Il dibattito sulla sorte dell’ex
premier sarebbe inconcepibile in qualunque democrazia occidentale. Ma in Italia
tocca il cuore della cultura nazionale, che una sconfitta della giustizia
contribuirebbe a rendere immutabile.
TimParks 6 settembre
2013 THE NEW YORK REVIEW OF BOOKS
New York City
Salvatemi dal carcere o trascinerò
il paese insieme a me. Questo, in sostanza, è il messaggio che Silvio
Berlusconi – quattro volte primo ministro, proprietario delle tre reti
televisive commerciali più importanti del paese, imputato molteplici volte per
reati penali – ha appena lanciato al governo italiano. Questo messaggio spiega
una volta per tutte la natura esatta della posta in gioco in Italia in questo
periodo: l’Italia è uno stato moderno nel quale vige la legalità, oppure è il
feudo di un fuorilegge dichiarato? Ora come ora, non è dato sapere quale
opinione prevarrà.
Dopo una decina di processi, molti
dei quali hanno superato tutti i tre gradi di giudizio previsti
dall’ordinamento della giustizia italiana (di primo grado, d’appello e di
cassazione), dopo aver creato leggi ad personam per depenalizzare i reati da
lui stesso commessi o aver fatto ricorso a tattiche dilatorie affinché i
processi si allungassero a dismisura fino a far cadere in prescrizione i reati,
o dopo essere stato giudicato colpevole a un grado di giudizio per essere
prosciolto al successivo, Berlusconi ha infine ricevuto una condanna penale
definitiva e inappellabile per frode fiscale al terzo grado di giudizio.
Condannato a quattro anni di
detenzione, ha beneficiato di un condono istituito per svuotare le carceri
italiane. Ciò ha ridotto la sua pena a un solo anno di prigione, senza contare
che essendo ultrasettantenne gli sarà possibile scontare la pena in una delle
sue molteplici dimore di lusso. In ogni caso, in quanto membro eletto del
senato, egli gode dell’immunità, non può essere arrestato né obbligato agli
arresti domiciliari finché il senato non ne avrà approvato l’espulsione, con
una votazione che potrebbe svolgersi a settembre.
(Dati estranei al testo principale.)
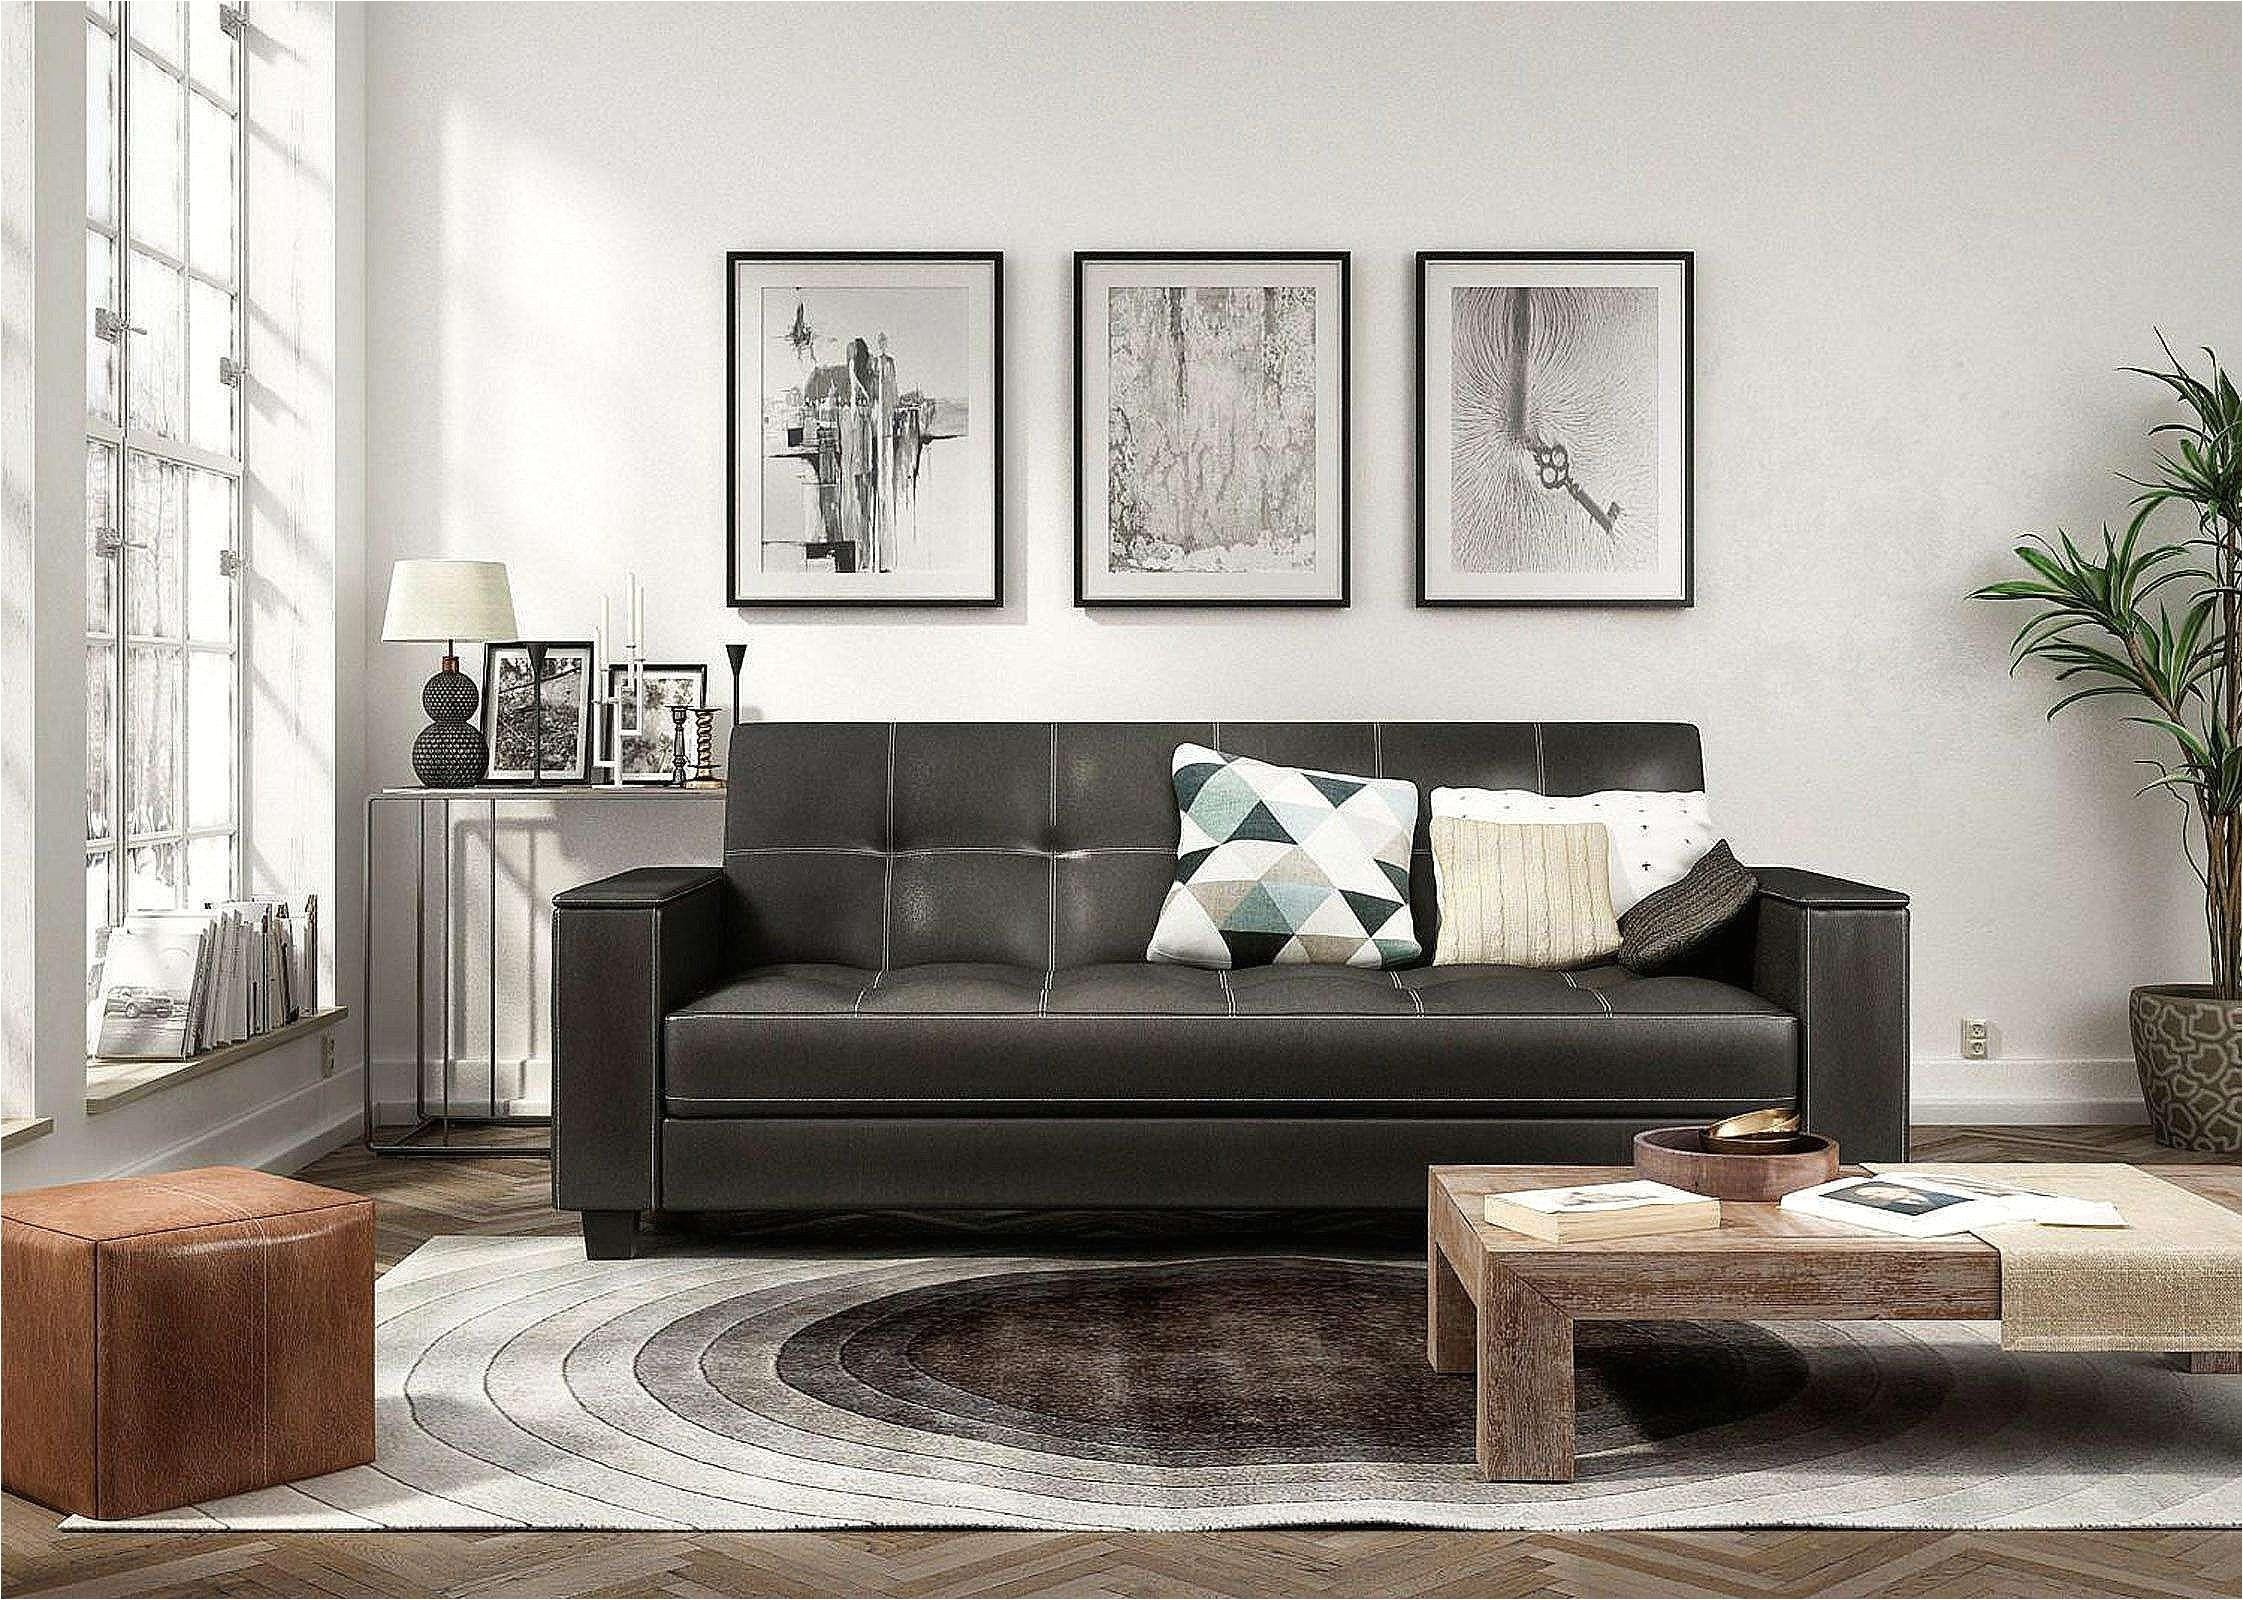 Laurels Furniture Modern Living Room Wall Decor Elegant Modern Living Room Furniture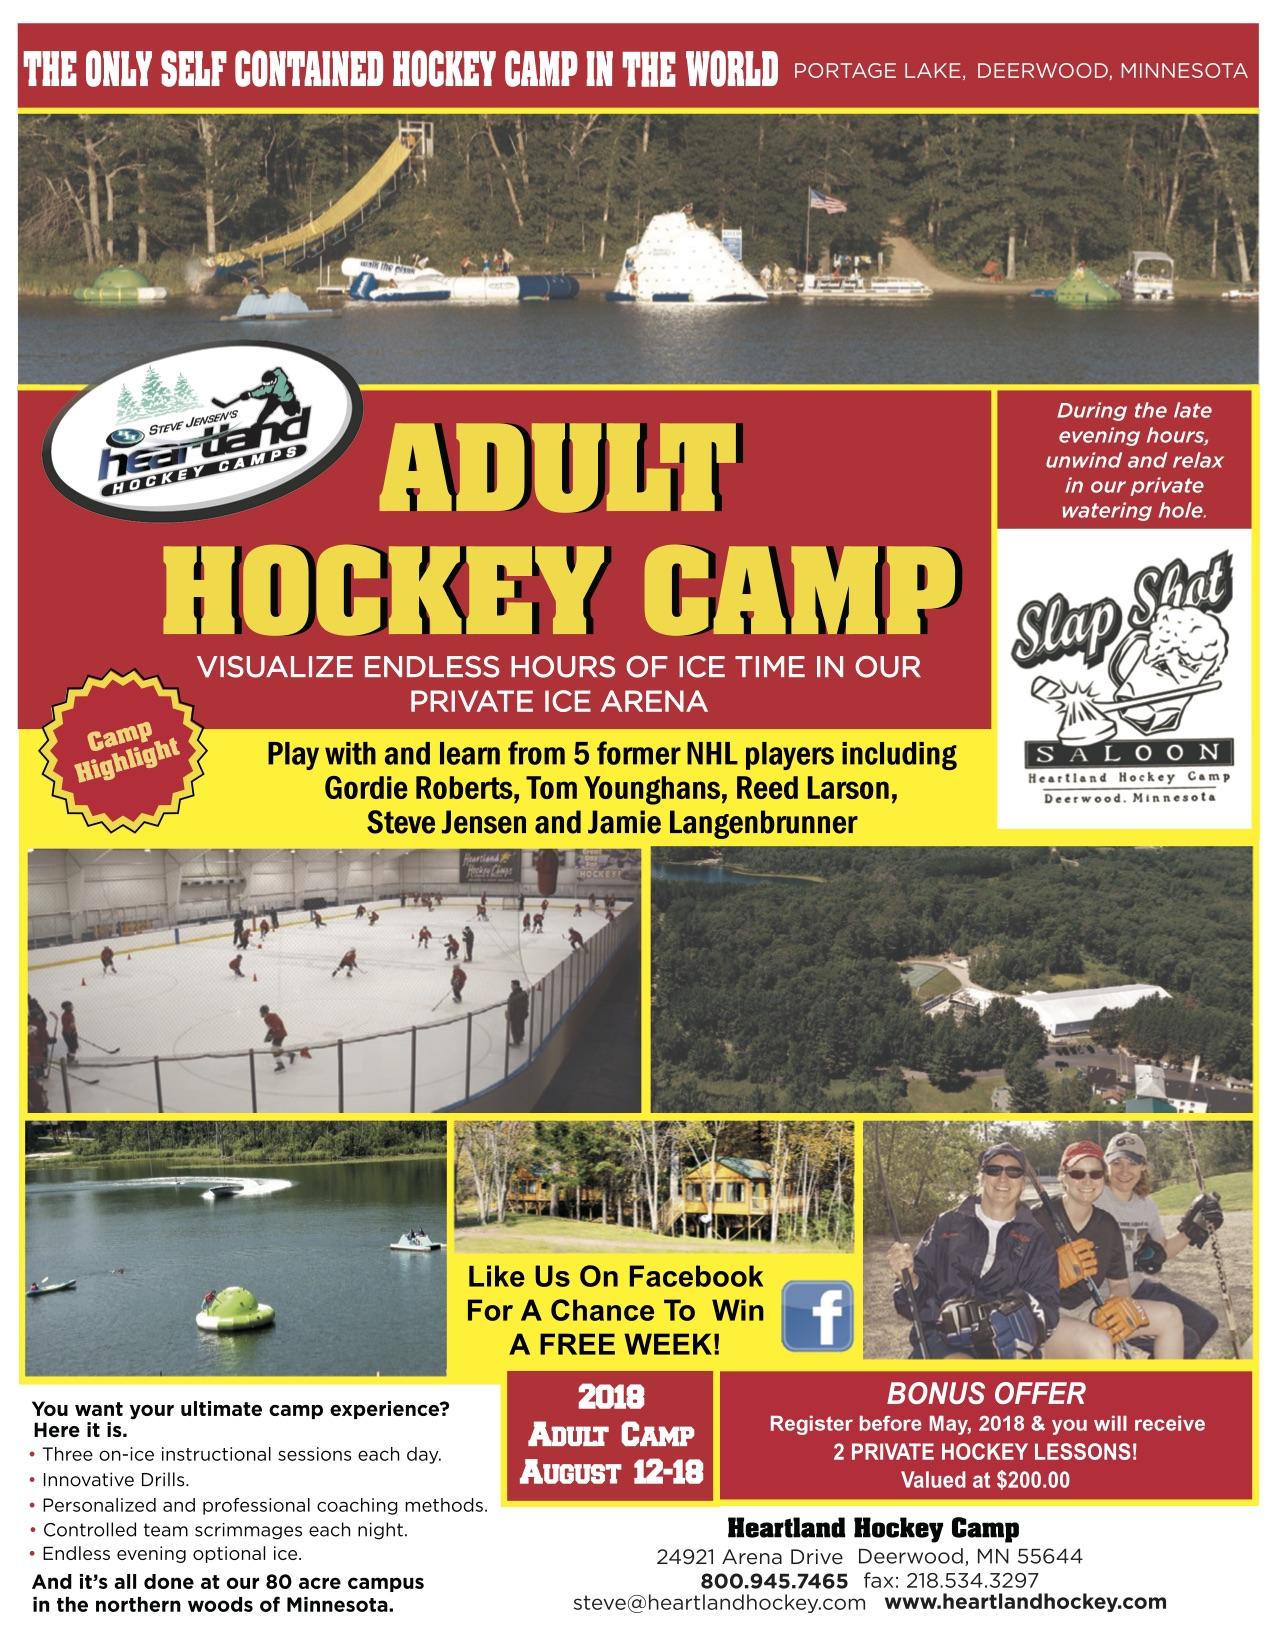 Adult Camp Hockey flyer

Adesso ha fatto sapere che se
voteranno a favore della sua decadenza egli trascinerà con sé l’intero governo.
Che Berlusconi possa effettivamente
provocare scompiglio è evidente
Che Berlusconi possa effettivamente
provocare scompiglio è evidente. Egli dirige – in un certo senso ne è
proprietario – uno dei due grandi partiti dell’attuale coalizione di governo
che si sta faticosamente impegnando per varare riforme di somma importanza,
studiate per arrestare l’ormai drammatico declino dell’economia italiana, e in
definitiva ispirare un po’ di fiducia negli investitori esteri. Se Berlusconi
ritirasse il suo partito dalla coalizione, come ha minacciato di fare, sarebbe
difficile formare un altro governo con l’attuale parlamento privo di
maggioranza.
Il timore è che un simile esito
possa paralizzare il paese, riportando l’Italia indietro al punto esatto in cui
si trovava due anni fa, quando le pressioni dei mercati finanziari parevano
prossime ormai a costringerla a chiedere un bailout all’Ue o a prendere in
considerazione un’uscita istantanea dall’euro. Al momento il 40 per cento dei
giovani italiani è disoccupato, mentre la produzione del settore manifatturiero
è inferiore del 26 per cento ai livelli raggiunti nel 2007.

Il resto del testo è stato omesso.